Dommage seulement que don Reba n’ait pas la moindre notion de cette théorie. Dommage seulement que notre préparation psychologique pèle comme un bronzage ; nous nous jetons dans des extrêmes, nous sommes obligés de nous remettre constamment en état de marche. « Serre les dents et rappelle-toi que tu es un dieu camouflé, qu’ils ne savent pas ce qu’ils font, que presque aucun d’eux n’est coupable, et que pour cette raison tu dois être patient et tolérant … » Les puits de sympathie que recèlent nos âmes, sur la Terre, nous semblaient sans fond, or ici ils se tarissent à une vitesse effrayante. Saint Mika ! Nous étions vraiment les amis du genre humain, sur la Terre. L’humanisme était la pierre angulaire de notre nature, dans notre respect de l’Homme, dans notre amour de l’Homme, nous sommes allés jusqu’à l’anthropocentrisme. Mais ici, à notre grand effroi, nous nous surprenons à penser que ce n’était pas l’Homme que nous aimions, mais le révolutionnaire, le Terrien, notre semblable, notre égal. De plus en plus souvent, il nous arrive de penser : « Mais enfin, est-ce que ce sont des hommes ? Seront-ils jamais capables de devenir des hommes ? » Alors, nous nous rappelons des gens comme Kira, comme Boudakh, Arata le Bossu, le magnifique baron Pampa, nous avons honte, et cela aussi est inhabituel, désagréable, et surtout, cela ne sert à rien.

N’y pensons pas, se dit Roumata. Pas le matin au moins. La peste de don Taméo !.. J’ai tant d’aigreur dans l’âme, et dans ma solitude. Où pourrais-je la déverser ? Avions-nous pensé, nous, si forts, si résolus, que nous trouverions ici la solitude ? D’ailleurs personne ne me croirait. Anton, mon vieux copain, que t’arrive-t-il ? À l’ouest, à trois heures de vol, tu as Alexandre Vassiliévitch, la bonté même, astucieux au possible. À l’est, Pachka, un ami fidèle et gai, un copain de classe. Tu n’en peux plus, Anton, c’est tout. C’est stupide, bien sûr, nous te croyions plus solide, mais cela arrive à tout le monde. C’est le bagne ici, nous le comprenons. Reviens sur la Terre, repose-toi, occupe-toi de théorie, on verra après …

Alexandre Vassiliévitch, soit dit entre nous, est un dogmatique de la plus belle eau. Du moment que la Théorie de base ne prévoit pas les Gris. (« En quinze ans de boulot, mon vieux, je n’ai jamais encore observé de pareilles déviations … ») Les Gris sont le fruit de mon imagination.
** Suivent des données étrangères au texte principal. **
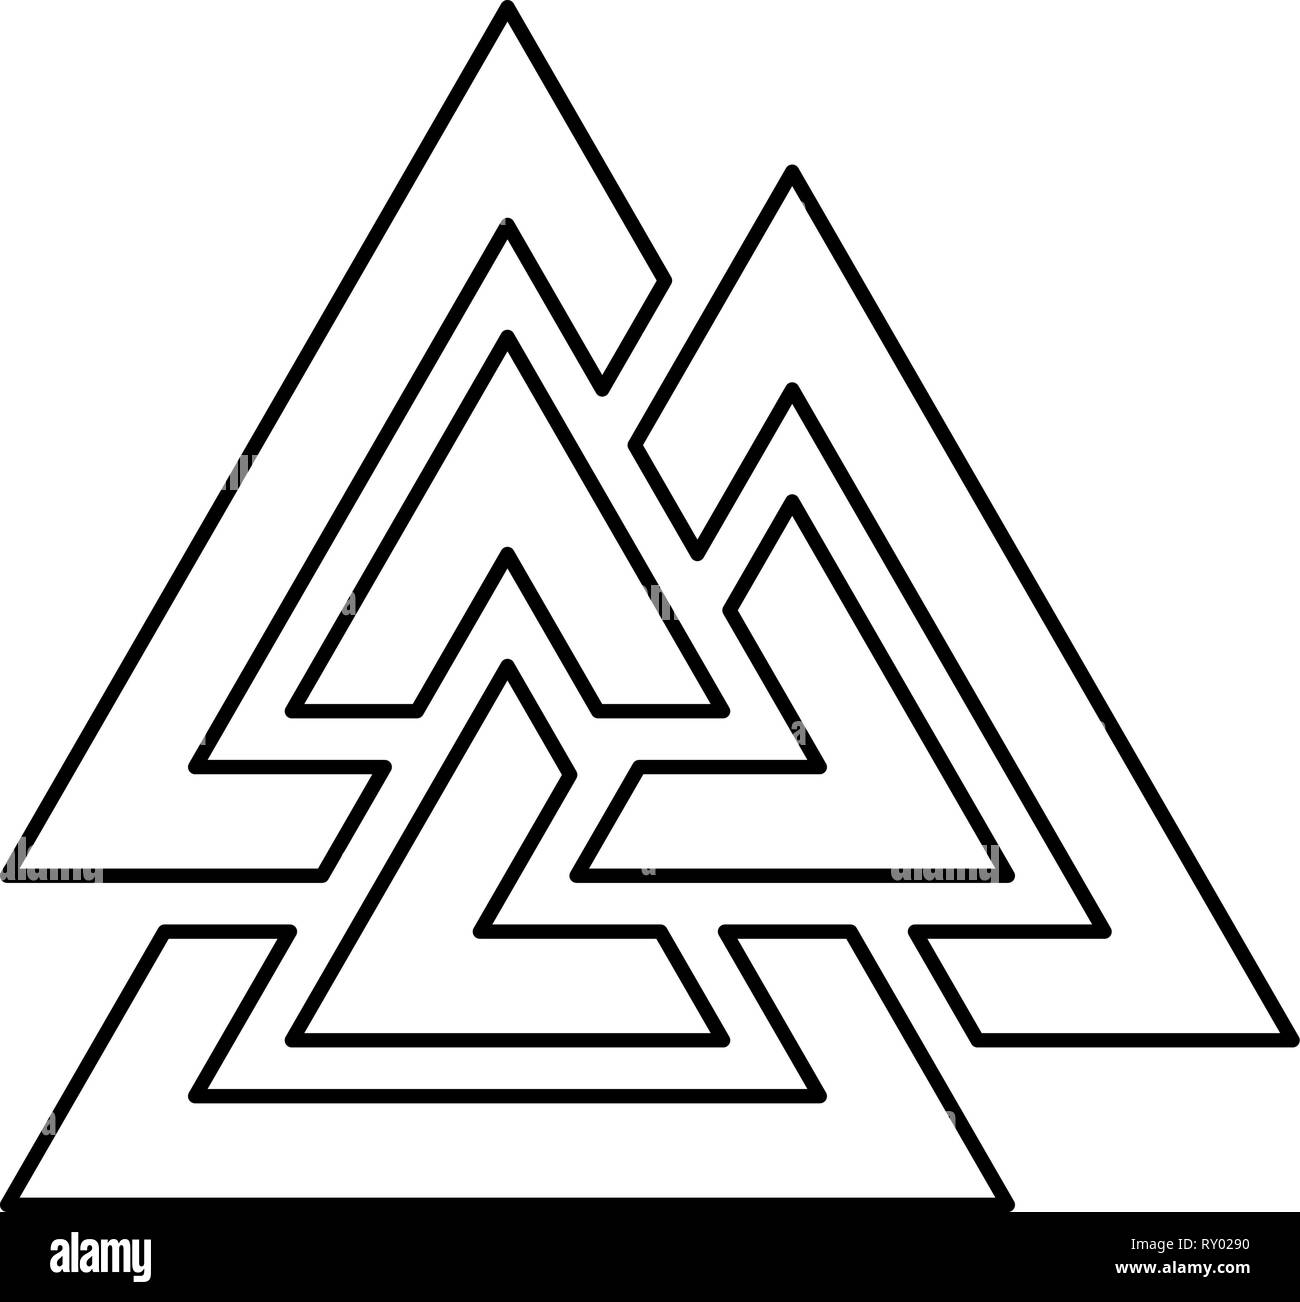 Valknut symbol icon black color outline vector illustration flat style image - Stock Image

Si j’ai des hallucinations, c’est que mes nerfs ont craqué, et je dois me reposer. « Bon d’accord, je vous promets d’aller voir sur place moi-même et de vous donner mon avis, mais pour le moment, je vous en prie, don Roumata, pas d’excès … » Pachka, un ami d’enfance, un érudit, voyez-vous ça, un puits de science … s’est lancé à corps perdu dans l’histoire des deux planètes et m’a facilement démontré que le mouvement gris est une forme banale d’opposition entre bourgeois et barons. « D’ailleurs je passerai te voir dans les jours qui viennent, je dois dire que je suis un peu embêté pour Boudakh … » Merci quand même ! Je vais m’occuper de Boudakh puisque je ne suis plus bon à rien.